Notable library school lecturer and bird, Gavia Libraria has had it with this whole whiny business of fussing that the library school people attended 5, 10, 15, 20, 30... years ago didn't offer x or y or z.
If you know anything about our field, or any other profession, you know that the degree is very much a beginning. It gets you the foundation, the jargon, and a method for acquiring more. It is not, nor could it ever be the end. That's just crazy.
Now, there are no doubt library school classes that are better than others. Also ones that are more relevant than others for the thing you need to do today. I am one of the few who actually believes in "core" classes because there are some standard things you should be able to at least look up how to do if you all the sudden become a solo librarian. Like a reference interview. Searching a library catalog, a research database, and the web. Cataloging a book. Unjamming a stapler, a copier, and a toilet 🙂
The other piece of her argument is that libraries often think grass is greener and want to hire someone in with the needed skills instead of developing staff to meet new needs. This is pretty crap if you're the existing staff who is running as fast as she can to move into a new position.

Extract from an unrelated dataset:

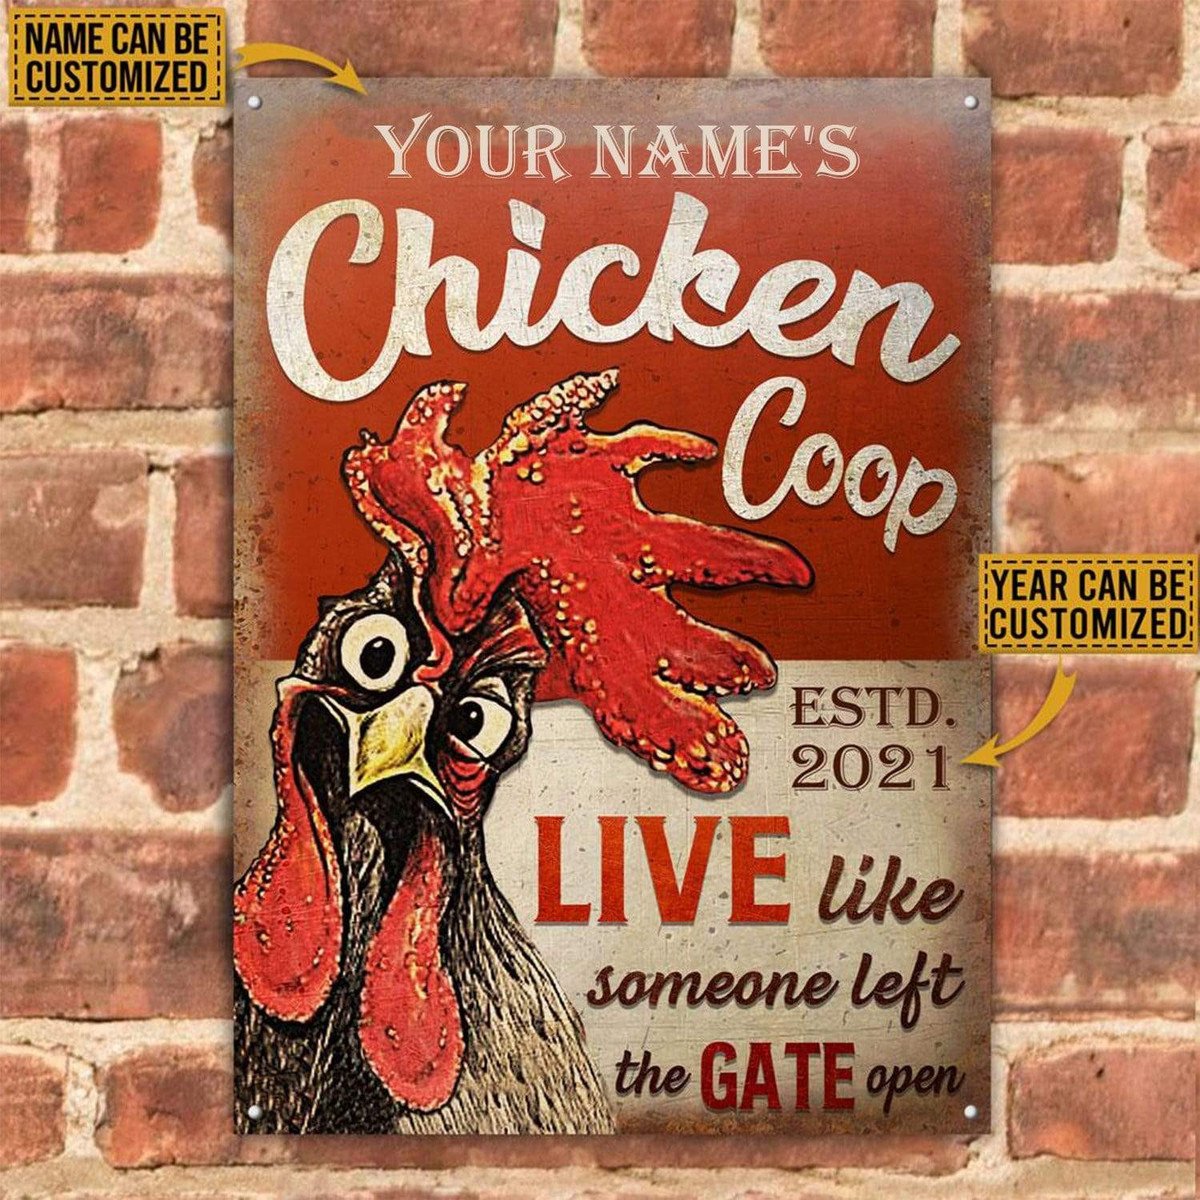 Personalized Chicken Coop The Gate Open Customized Classic Metal Signs

So you're now out of school, what next? Are you in your professional associations? Are you engaging online? Are you attending training given by the vendors - free online! Are you reading? Are you thinking critically?
I, for one, went to an awesome library school that gave me an excellent foundation. I also work very hard to learn all the time.
Here's an example: I am forever trying to learn Python and R and bibliometrics. I can do some things but I'm very slow. My boss didn't tell me to learn. I'm not mad at my library school for not teaching me. I don't even know if either one really existed when I was undergrad (we used Mathematica and Pascal but I'm old).
So here I diverge greatly from some of my librarian colleagues who really hate code academies and MOOCs. I think they are awesome for people like me. I've done a couple Google ones. Some R ones and some Python ones. I abandoned two on machine learning. The R ones from JHSPH were fine but the one that was really good was the intro to programming with Python from MIT on EdX. It was by far the best platform and the best instruction. I'm messing with a Michigan one on data science now and it is not as good at all.
Anyway, pull up your big girl pants and get to work learning. While you're at it, work with your leadership on where you see things going and how to best meet the need. If you're in some level of management, work with your librarians to make sure they are moving ahead and advocate for them to upper management.
Remember, I'm pulling for you. We're all in this together. Keep your stick on the ice. Good luck with the staplers.